Tuesday, 20 March 2012

Review: I See Stars - Digital Renegade

 Well, this is the band that are claimed to be the pioneers of the electronicore sub-genre that everyone loves to hate, and that I've really managed to get into for some reason. I See Stars' second album 3-D has had a considerable impact on a small-sized generation of people into emo, metalcore and electronica music, wondering if there's anywhere where they can find all three at once. Sounds reasonable. Despite their major influence however, I See Stars have always been in the shadow of other bands that have prospered and have recently been playing second fiddle to Asking Alexandria on their massive Still Reckless Tour taking place across North America, acting as support along with The Amity Affliction, Motionless in White and for some weird reason Trivium and Dir En Grey. So, in many ways, the group's third release Digital Renegade sees I See Stars taking a step up to the air of respectability in the world of electronicore they demand.

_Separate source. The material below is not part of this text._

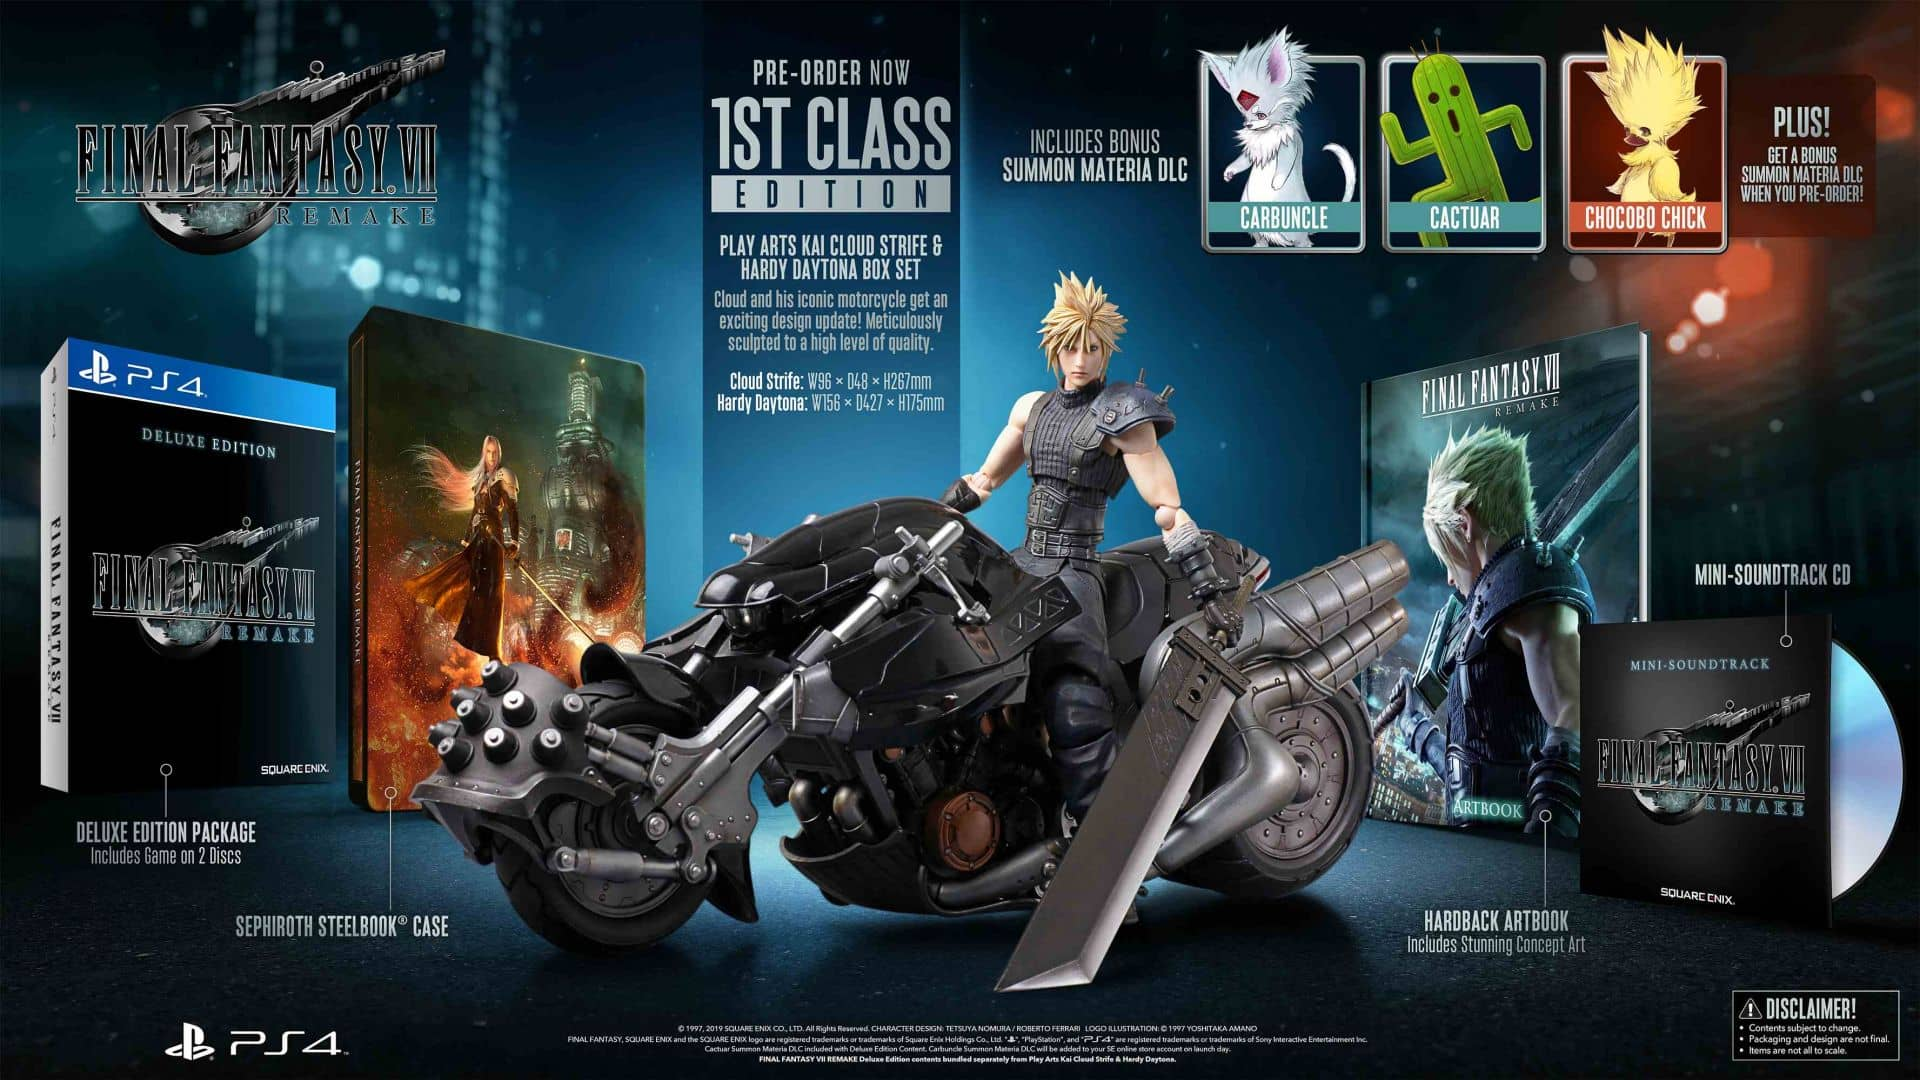 E3 Final Fantasy VII Remake, 1st Class Edition

 If it's going to make them bigger anywhere it is going to be very much limited to getting bigger in electronicore circles and if that's not you're scene, you're probably only here because you're lost and the correct term you're looking for is "astronomy". There's no sign of the band taking on more traditional metallic qualities here. There's big choruses filled with hooks and auto-tuned vocals from Devin Oliver, there's still continuous usage of synthesizers and not the ambient kind, the ones that create trance music in order to accompany the constant breakdowns from Brent Allen and Jimmy Gregerson, which at random points of the album, leads the musical proceedings with no guitar backing and stops the group from having any kind of metallic qualities and makes them sound more like Cobra Starship and tracks like Summer Died in Connersville feels more inspired by pop punk music than any kind of hardcore group. In many ways, I See Stars still prove themselves to have the kind of music you could headbang to, but you would definitely cringe if you heard anyone refer to them as "brutal".
 Still, with their position as a poppy post hardcore group established, there is lots to be impressed by. This album sees a great increase in focus in terms of merging these styles together and the relentless juddering mixed with pulsing dance synthesizers seen in tracks like NZT48 and Filth Friends Unite shows these influences brought together and executed in a much more seamless form in a way more definitive of what electronicore should be, the latter track even carrying the sense of ambition to see the group take on Enter Shikari. And get instantly defeated because Enter Shikari are incredible.
 Needless to say, an emotional impact is created across the album, be it the kind of dark and furious tones contained across Mystery Wall and Endless Sky, aided with guest vocals from Yorkshire rabble-rouser Danny Worsnop or are more rooted in melancholy and tragedy, as Electric Forest tells of romantic loss and woe with the intense rush of emotion heightened by guest vocals from Hey Monday's Cassadee Pope. Albeit it can be difficult at times to distinguish her voice from that of Oliver's, due to the auto-tuning.
 Overall, Digital Renegade is very much a prime album that in realms of electronicore ticks all the boxes. The synthesizer work remains pulsing and dynamic and the strength of the post hardcore performance is very much cranked up. It's unlikely that it will make them any friends out of this scene but, it's a pretty solid effort that shows I See Stars to be a rightfully respected act as one of the main innovators of this genre.

 I See Stars' Digital Renegade is out now via Sumerian Records. The band will perform at the Slam Dunk Festival at the Leeds University Union and University of Hertfordshire Forum from 26th-27th May.